I guess that BMI sharply underlines the difference between statistical significance, model form and clinical utility. While risk rises with BMI from the low 20s onwards, the interval from 25 to 30 is a range in which you can set realistic targets for weight reduction. It’s the ‘orange light’ on the prevention model.

It’s the same story with many continuous variables. With type II diabetes, for example, the WHO defines it as fasting plasma glucose ≥ 7.0mmol/l (126mg/dl) or 2–h plasma glucose ≥ 11.1mmol/l (200mg/dl). However, these are non-equivalent in two senses. There is far from a perfect overlap between the two criteria, and being diagnosed on the basis of 2—h plasma glucose carries a higher risk of subsequent cardiovascular disease than the fasting glucose definition.

However, the important point is that fasting glucose can be done when routine bloods are being taken. The patient simply has to turn up fasting to phlebotomy, get a draw done and then head off for breakfast. The 2-hour protocol really means taking the morning off work. Consequently, you can screen far more people using the fasting protocol – people who just couldn’t or wouldn’t turn up for a 2-hour screen.

Garrow’s BMI figures are simple and easy to remember. They give people a useful warning if their weight needs looking to, and the range is such that losing one BMI unit isn’t easy but you feel you have achieved something when it happens.

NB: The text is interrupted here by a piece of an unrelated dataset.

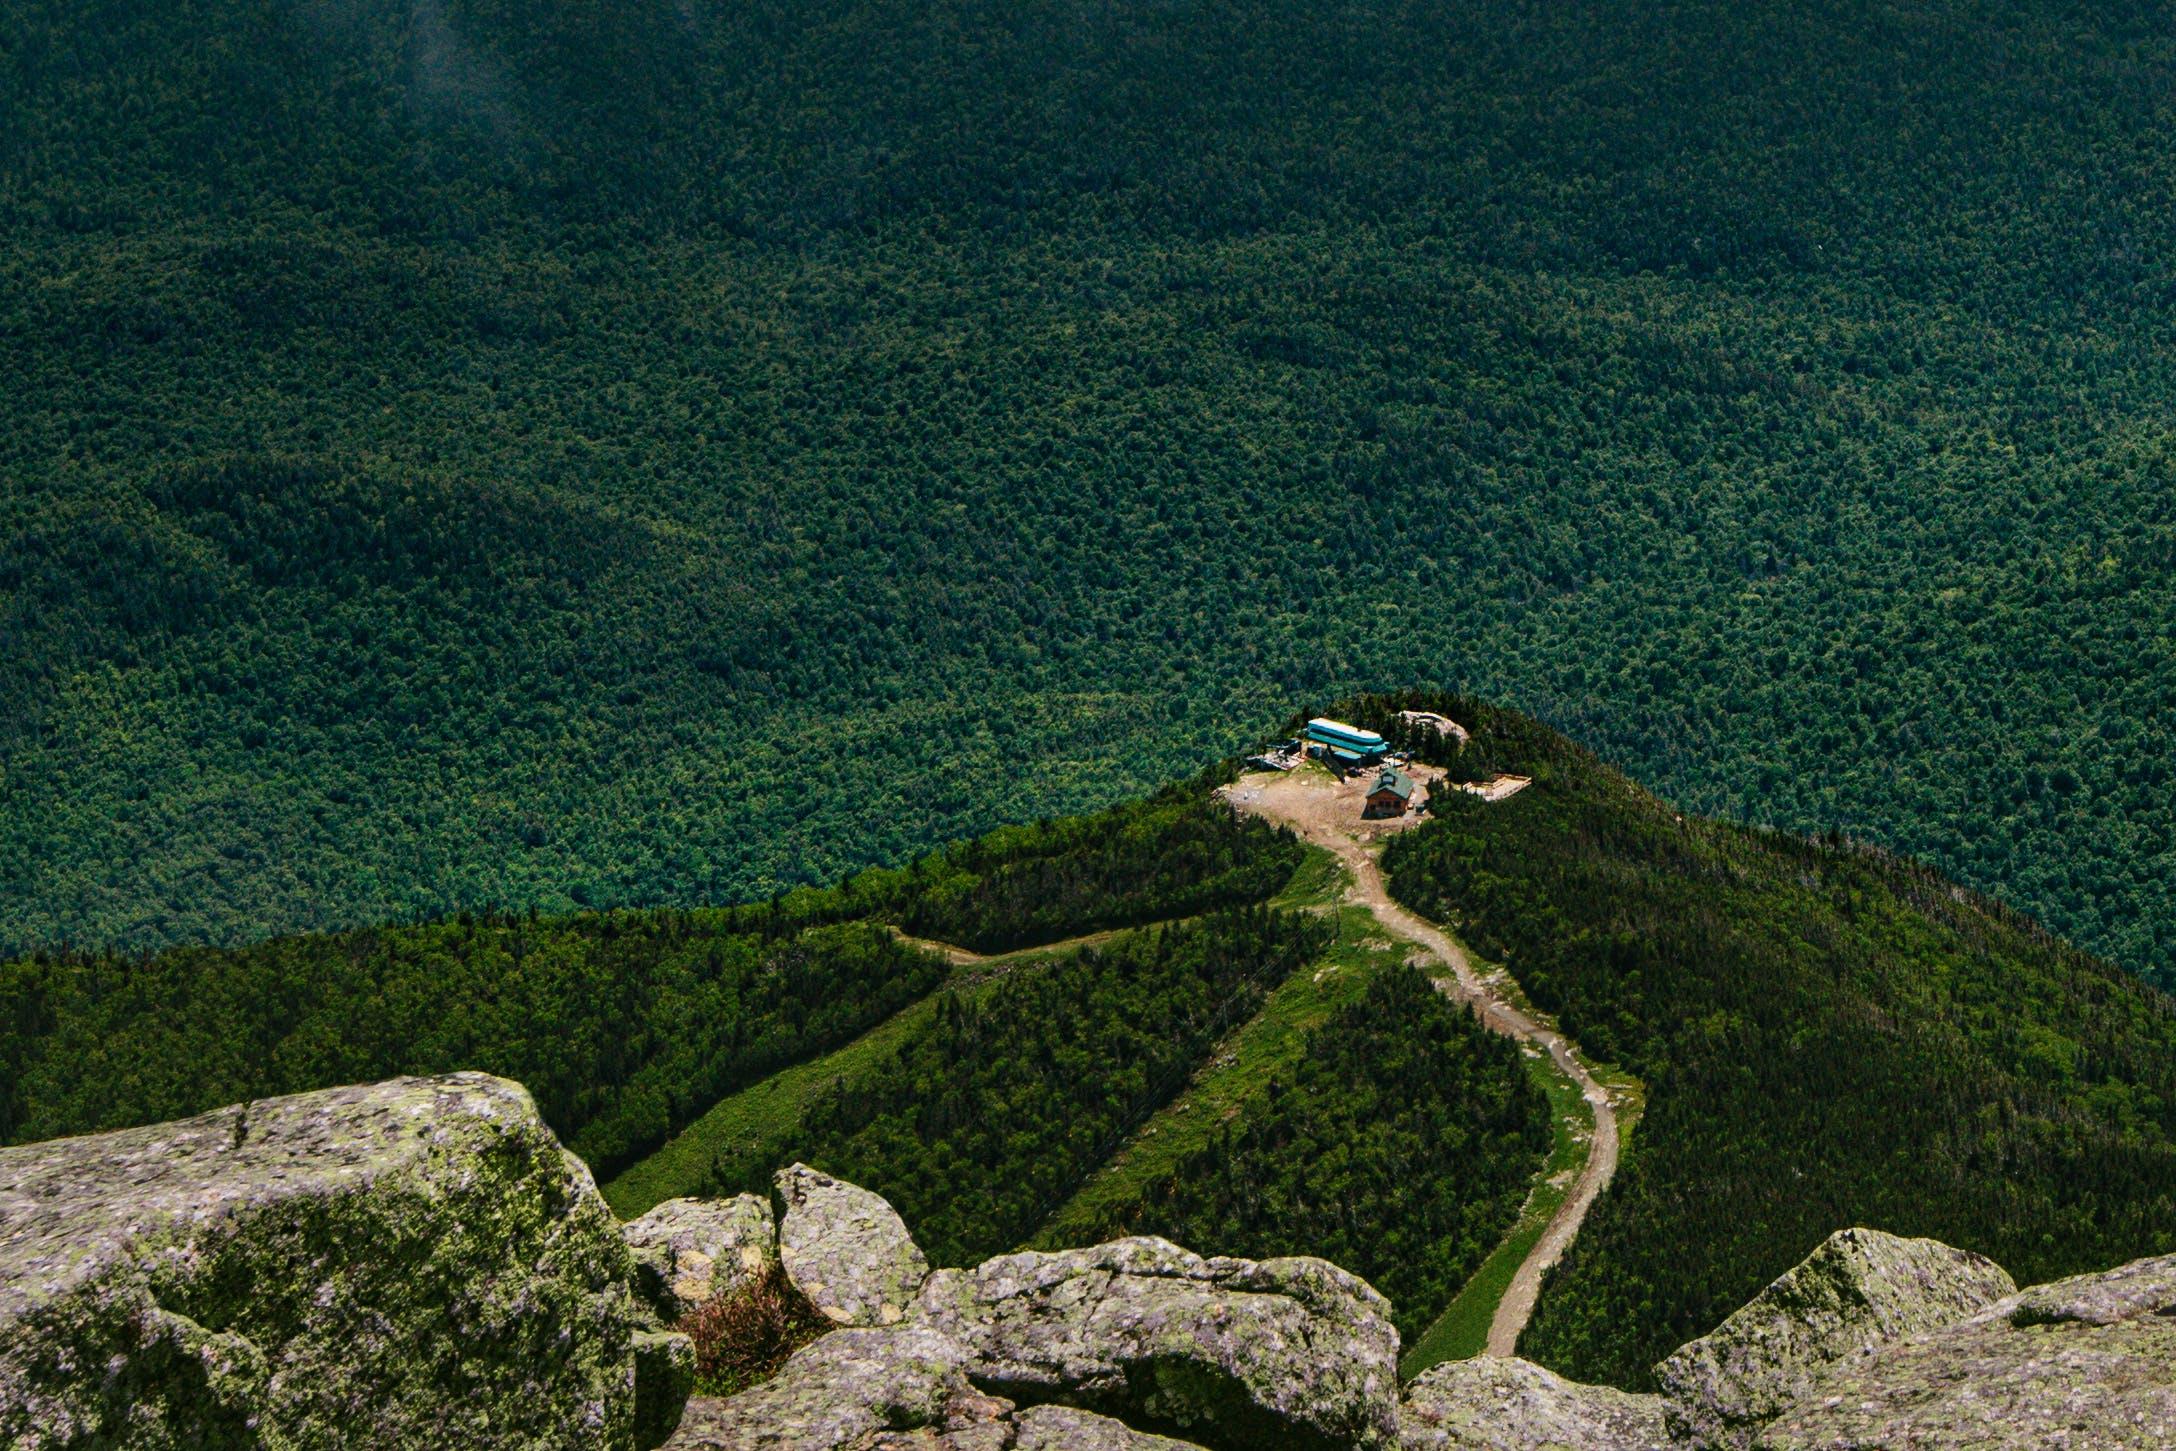 Green Tree on Mountain

What I’m saying, Frank, is that clinical medicine has to be above all pragmatic. Professionals and patients must be able to understand each other, share goals and track progress. And my own favourite among the projects I’ve done is solar disinfection, where we could reduce the evidence to just two instructions :

  • Put the water bottle in the sunshine today
  • Drink it tomorrow

So I guess I’m voting for pragmatism – the simplest we can go without doing violence to the underlying model!

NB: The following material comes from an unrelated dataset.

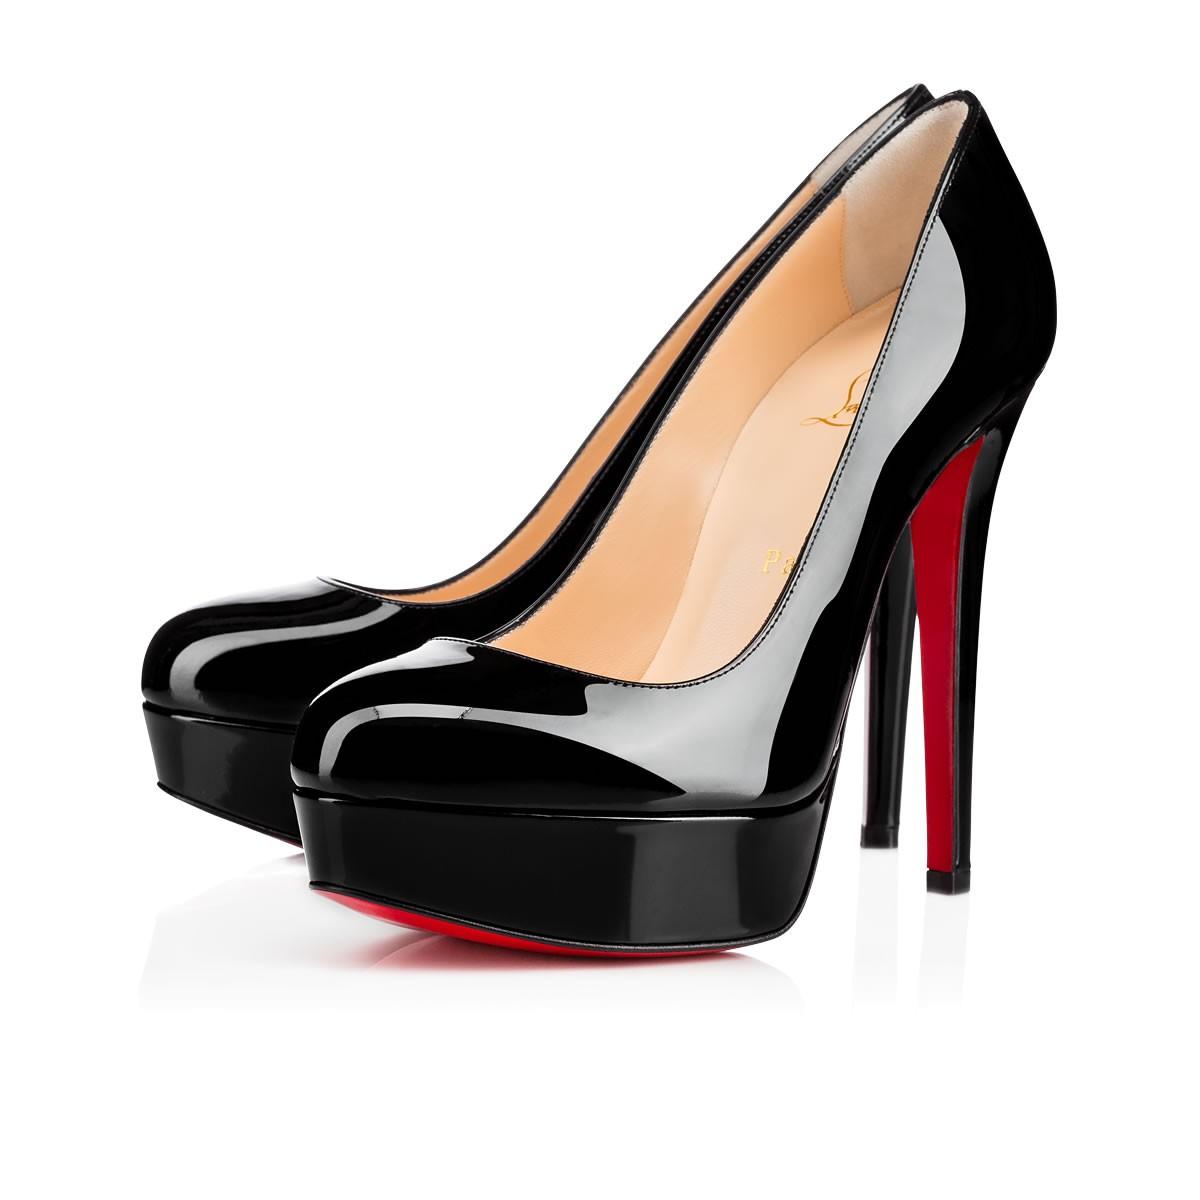 "11  Black Patent Leather ""Dirditta"" Platform Pumps"

Ronan I can see a need for that, but the rest of the argument is not compelling to me. Patients routinely deal with weight as a continuous variable, and athletes likewise when dealing with running times etc. I think the labeling that has been used in diabetes and other diseases is harmful to decision making and public health. This is discussed very well here.

A good example. But medical decision making is seldom that clear. Borderline diagnoses are discounted when the patient has everything else going in her favor.

Concerning things like obesity, I think a safe and accurate, and only slightly oversimplified message is “the heavier you are the worse, if you did not start out underweight”. Almost everything is dose-response.


Thank you so much, Ronan!

I will read all the materials you and Frank mentioned. The question seems much more complicated than I expected before.